So what is the cost of living in England? Salaries are probably higher than in your home country, but so are the costs. Is it true that some people are are living hand to mouth here? … In some cases yes, but most are living just fine. The cost of living in England is quite good compared to wages, although the pound is dropping quite fast since Brexit… We already established in the previous article that food costs in the UK about the same as in countries in East Europe, so from the start you are at an advantage. Let’s see what costs and expenses we have in England:
- Accommodation: by far the biggest expense you will have will be securing a roof over your head. Unless you bring along around 150 to 200 thousand pounds to buy your own house, you will most likely rent like most people. The rental expense depends a lot on where you are. In general in the South of England (London, Southampton), and especially in London, to rent of a house costs double or triple compared to renting a similar house in the North of England (Liverpool, Manchester, Leeds, Sheffield, Doncaster, Hull, Newcastle). If in the North you can easily find a house of your own at 500-600 pounds per month, in London on the website www.rightmove.co.uk, the only rental house located in a decent area that is less than a thousand pounds per month was in Brentwood (one hour by car or train + subway to central London)

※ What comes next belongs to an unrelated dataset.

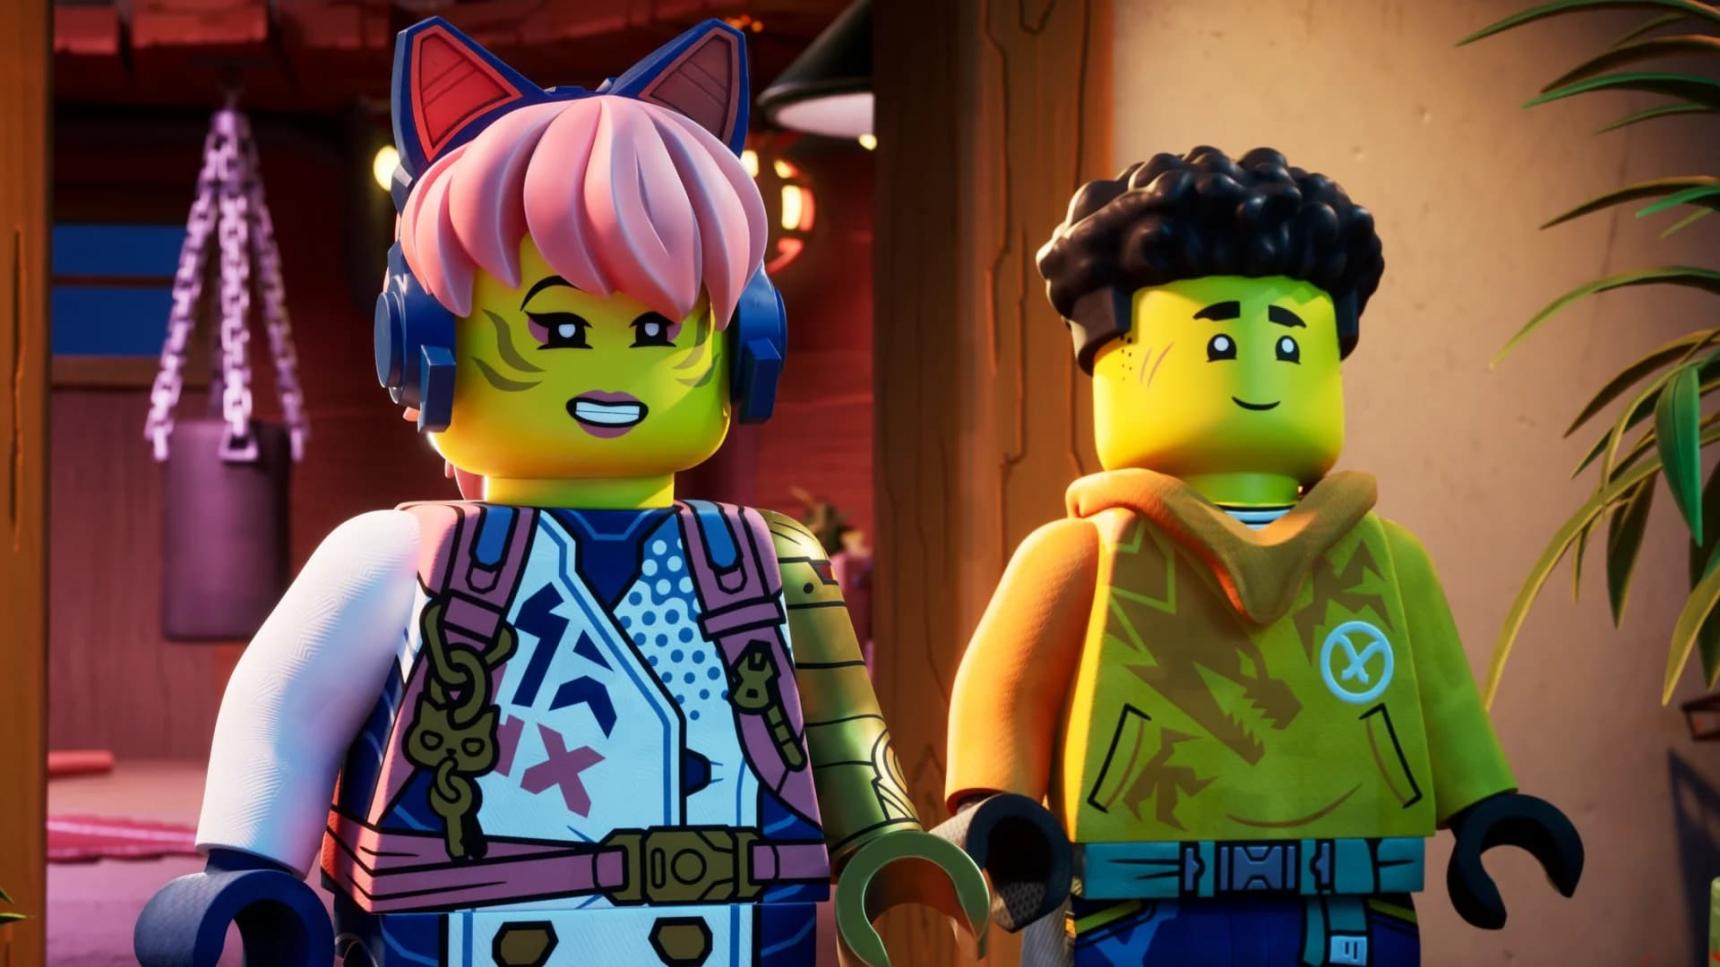 Poster del episodio 1 de LEGO Ninjago: El renacer de los dragones online

For a private house with its own parking, in a good neighborhood relatively close to the center and work, in the North we pay up to 600 pounds per month, a similar house costs in London at least 1450 per month but there are also one-room studio apartments at 800 pounds per month. To be clear to everyone: Studio means you get out of bed and you’re in the kitchen, don’t understand anything else!
In Birmingham a decent house in a decent area costs about 800 pounds a month, 700-800 in Manchester, and in cities like Liverpool, Leeds or Hull you can find one for as low as 500-600 pounds a month. But that’s not all, as I said in the previous article where we compared life in France with life in England, the UK is one of the few countries in Europe where the local taxes are paid by the tenant, not by the landlord. So besides the prices mentioned earlier you have to remember to add on on top an average of 120 pounds per month, for the so-called “Council tax“.
For a comfortable living and avoid being tight with money, as a general rule wherever you are in the world, the cost of rent (or the monthly payment for mortgage) should not exceed one third of the family’s combined income. So for the North of England we are talking about the possibility to stay in your own house in a good area if you have a monthly NET income in the house of 1800-2400 pounds, which is quite achievable even on jobs with lower salaries.
In London however, without a combined monthly income of at least £ 3,000 in the house, it will be very difficult to live in a private home.
The national minimum wage is 8.72 pounds per hour if you are at least 25 years old (8.20 for ages 21-24, and 6.45 pounds per hour for ages 18-20). So if you land a job with 40 hours per week, you will get a NET salary of around £ 1,300, but keep in mind that it’s pretty hard to land a job that provides you with these hours every week. (UK net salary calculator here).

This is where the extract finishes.